**What you need to do**.
Starting with the line in which "l2-828-4-53-6-longines-heritage-classic-black-dial-5.jpg" appears, give back every line exactly as written until the listing ends, excluding pictures.

Recorded information Start Marker

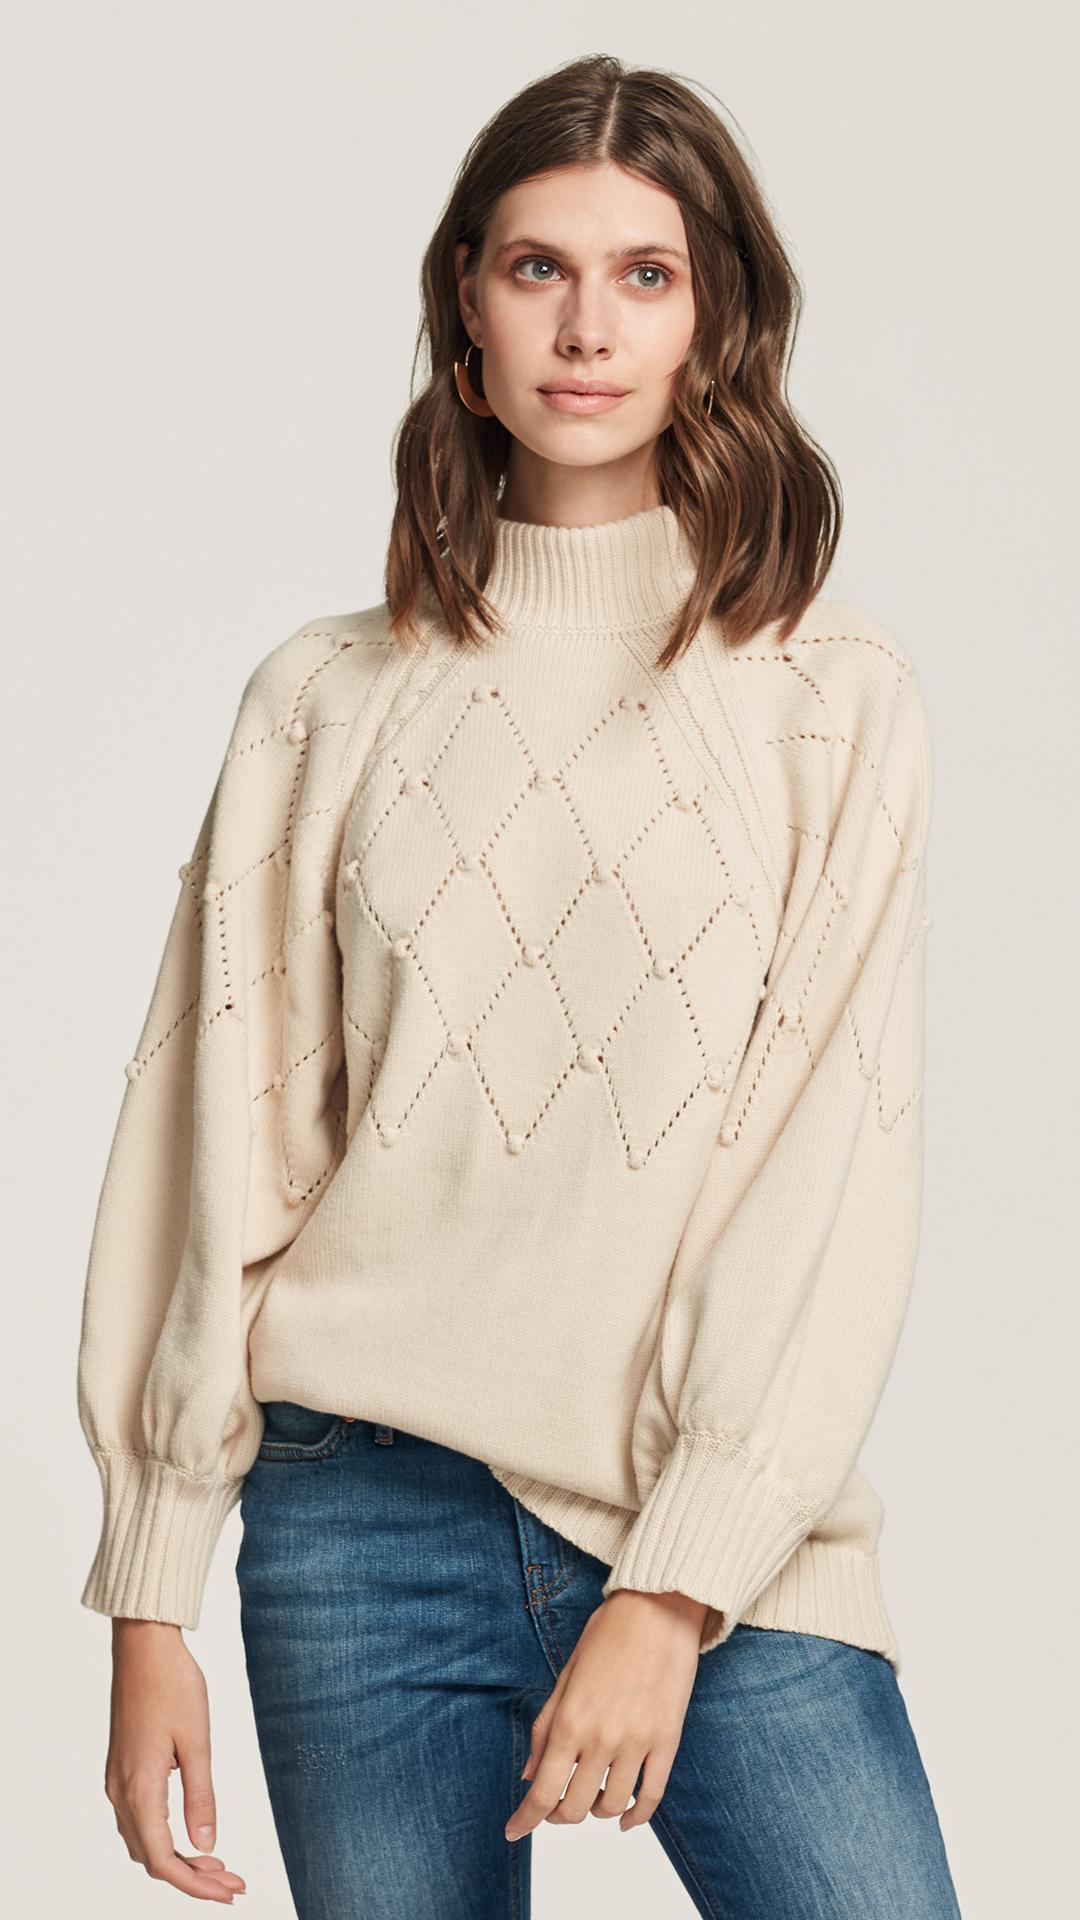 cashmere-jumper_A_1080x1920.jpg
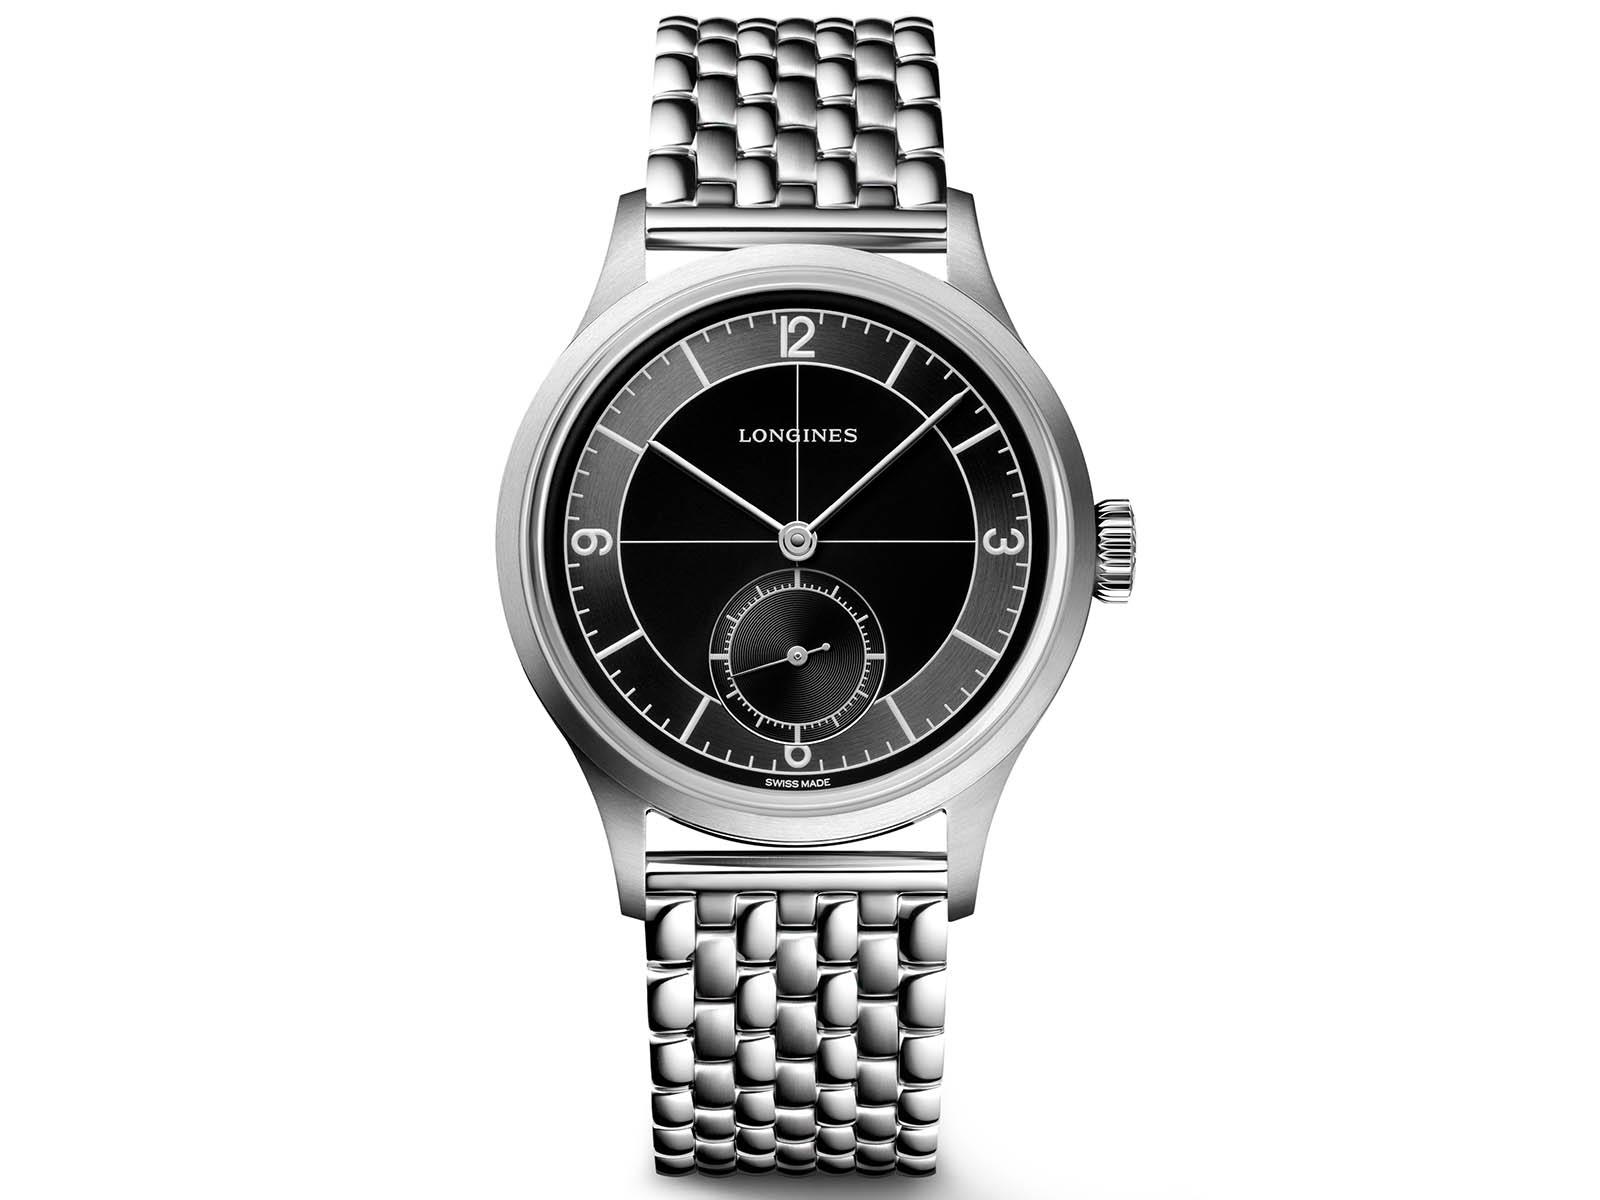 l2-828-4-53-6-longines-heritage-classic-black-dial-5.jpg
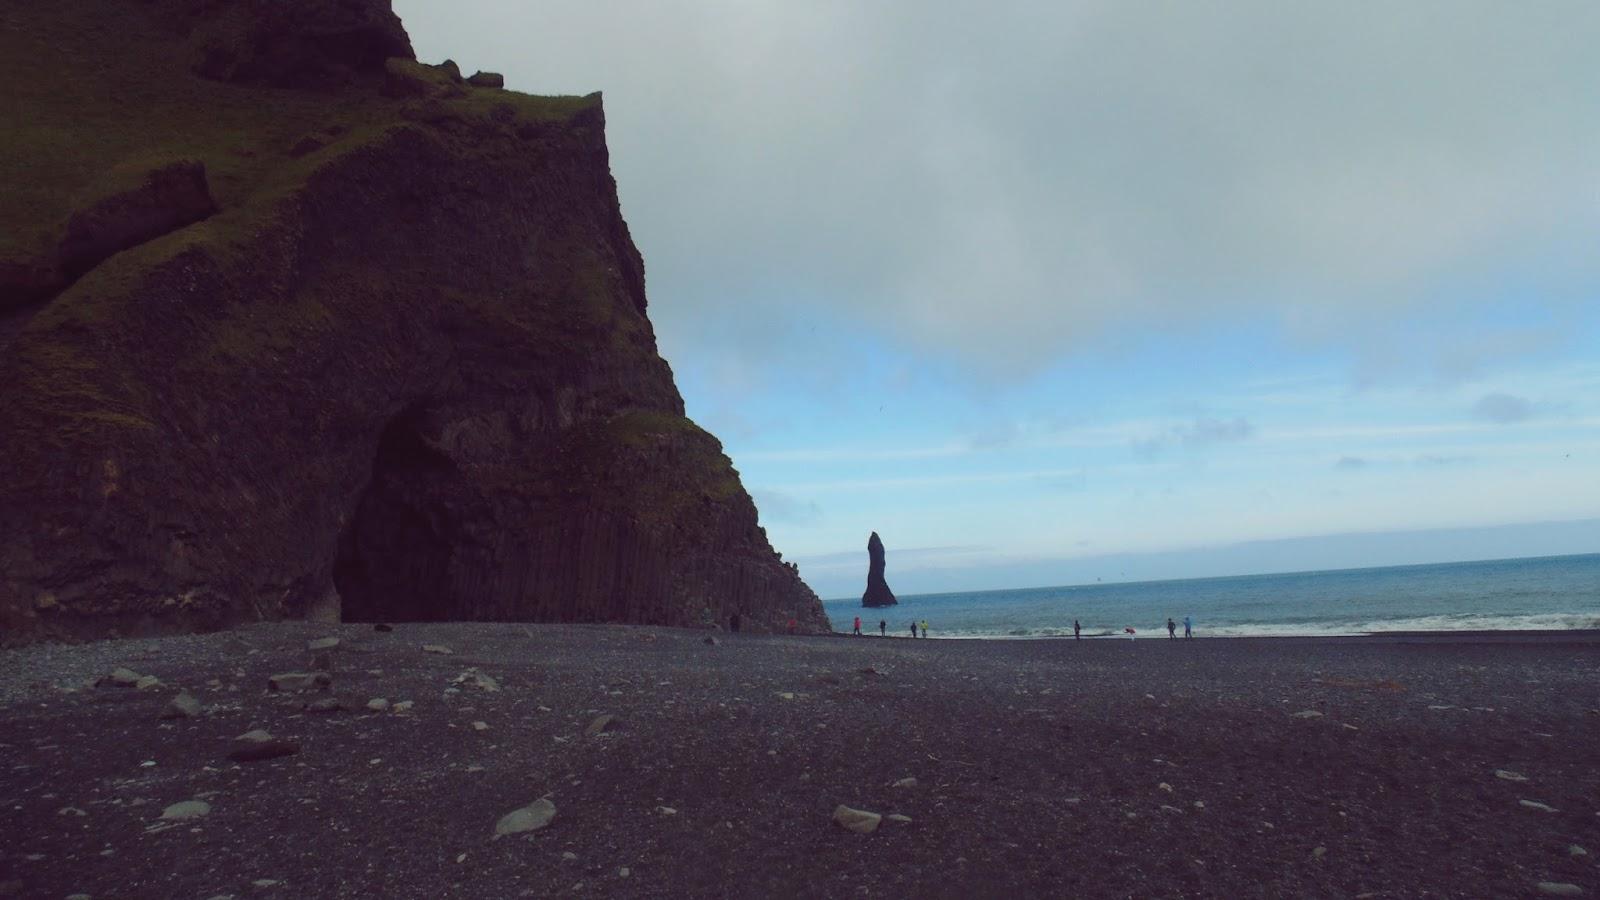 jaskinia Halsanefshellir, Reynisfjara, czarna plaża, Islandia

Recorded information End Marker

**Output of the task**.
 l2-828-4-53-6-longines-heritage-classic-black-dial-5.jpg
 jaskinia Halsanefshellir, Reynisfjara, czarna plaża, Islandia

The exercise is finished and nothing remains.